Low-income North Carolinians often cannot afford these burdensome fees, which contribute to a cycle of poverty and incarceration. “Instead of taking them out of the criminal justice system, they’re keeping them in,” says [ACLU lawyer Christina] Becker….

In North Carolina, judges have the ability to lessen the financial burden imposed at sentencing and customarily help the elderly grandmother on a fixed income, the young student or service-member, and plenty of others facing hardship.

Judges may reduce the costs of expert witnesses, strike the penalty for failure to appear in court, waive fees at sentencing, revoke fees when a person’s default is in good faith, or convert the amount owed to a civil judgment. But it’s gotten harder.

In 2011, North Carolina’s General Assembly required “just cause” for waiving costs and a year later requested written findings in each case. Then, in 2014, legislators ordered the tracking of waivers by each individual judge (the latest report can be found here).

In 2017, the legislature prevented judges from waiving costs without first “providing notice and opportunity to be heard by all government entities directly affected”––meaning up to 615 different state and local agencies.

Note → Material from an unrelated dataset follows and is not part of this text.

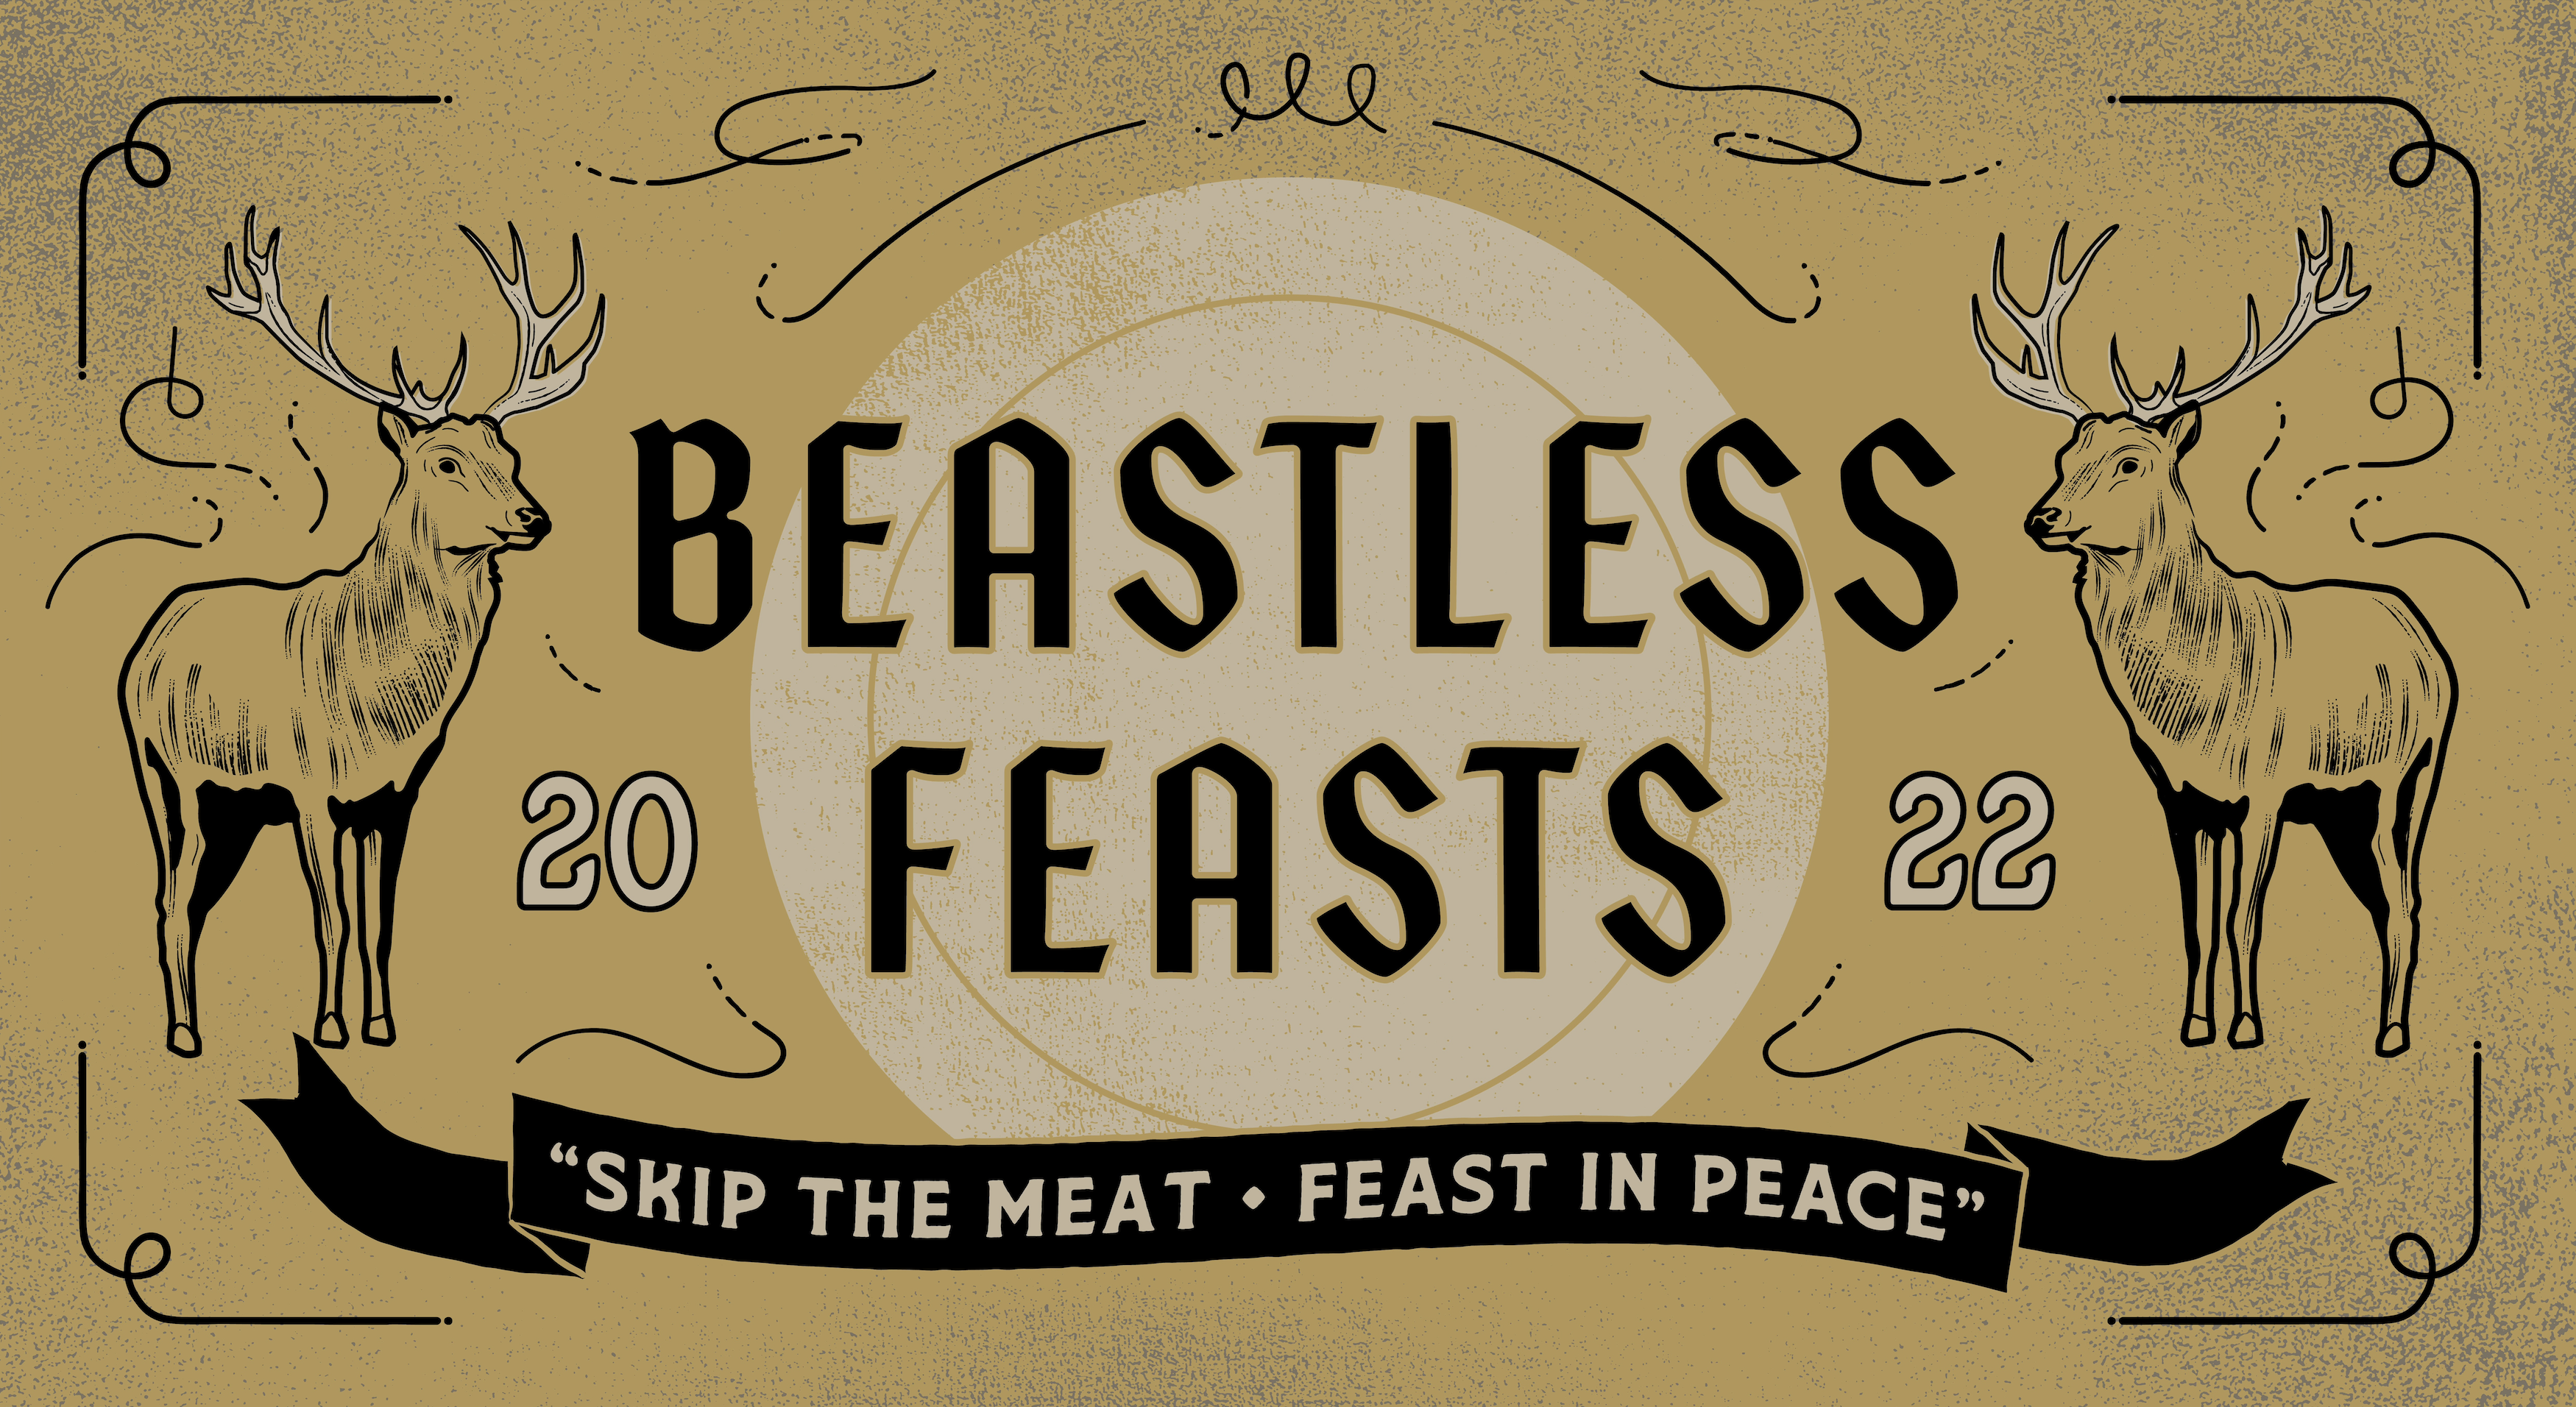 Beastless Feasts

When the law passed in November, 2017, the change effectively ended a judge’s ability to waive court costs and fines because a local clerk couldn’t possibly notify every agency when relief was requested. But then North Carolina’s Administrative Office of the Courts took on the responsibility by mailing a monthly letter to the 615 agencies with a link to the state’s court calendar.

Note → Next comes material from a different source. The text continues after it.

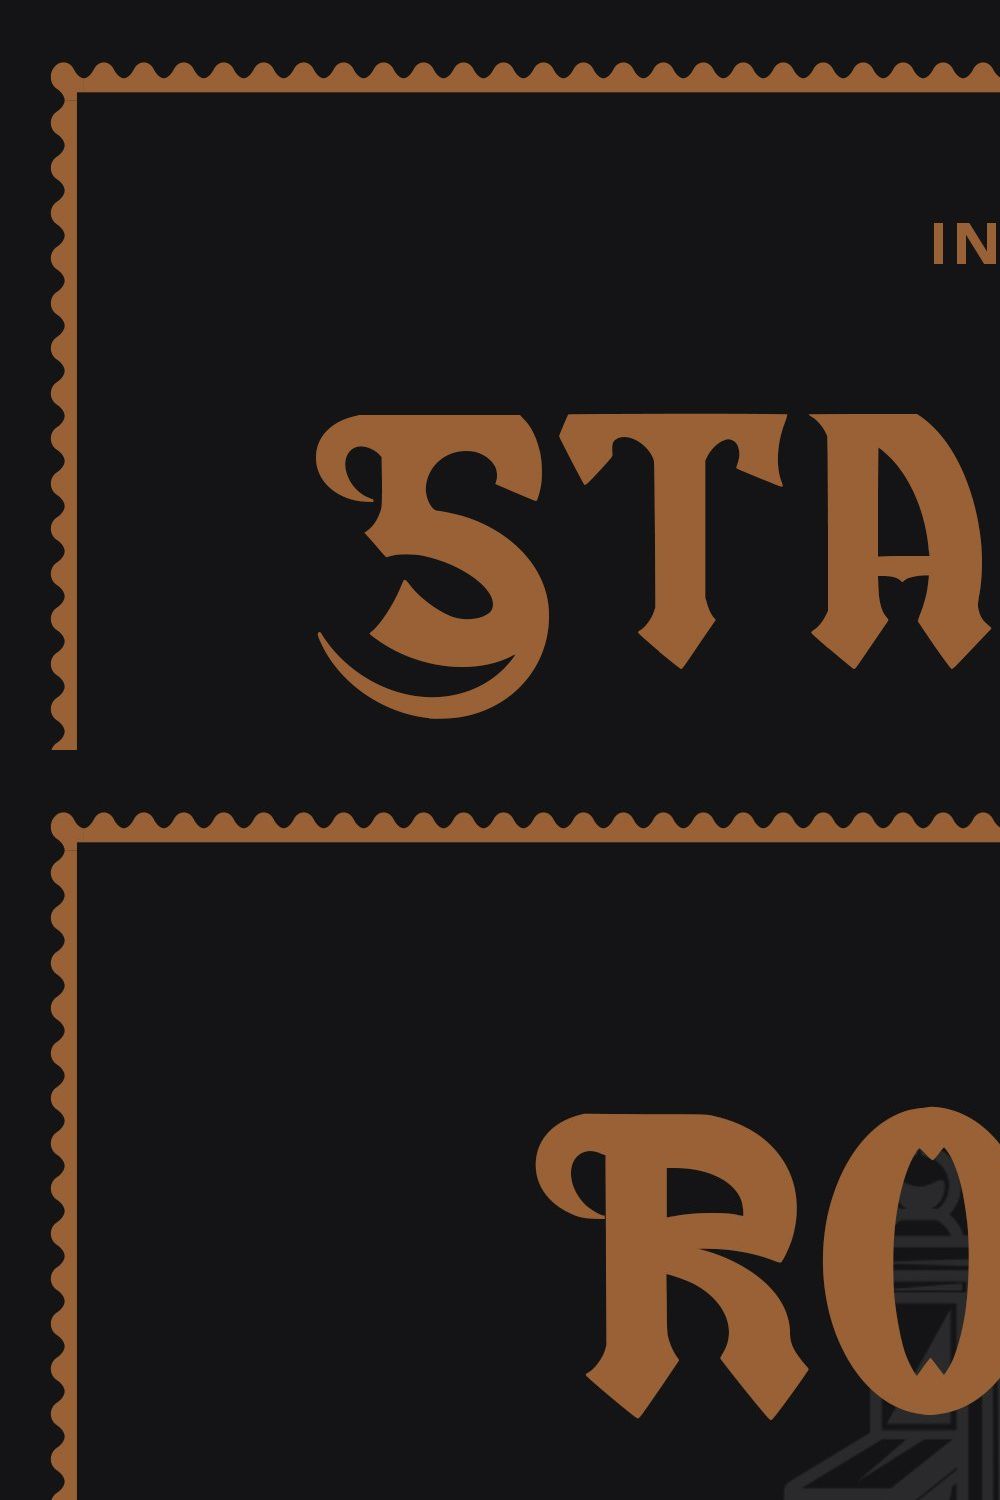 Stamford Castle - Blackletter Font pinterest preview image.

AOC’s actions are now being reviewed by Republican state legislators to determine if they comply “with the spirit of the provision.” But according to Becker at the ACLU, the law is a waste of time and energy. “The agencies are not coming to those hearings,” she says. “They don’t have the manpower. They know they’re trying to get blood from a stone.”

Let’s hope stories like this one and Killian’s — as well as events like today’s conference at NC Central on the criminalization of poverty — start to make a difference with state lawmakers on this vitally important issue.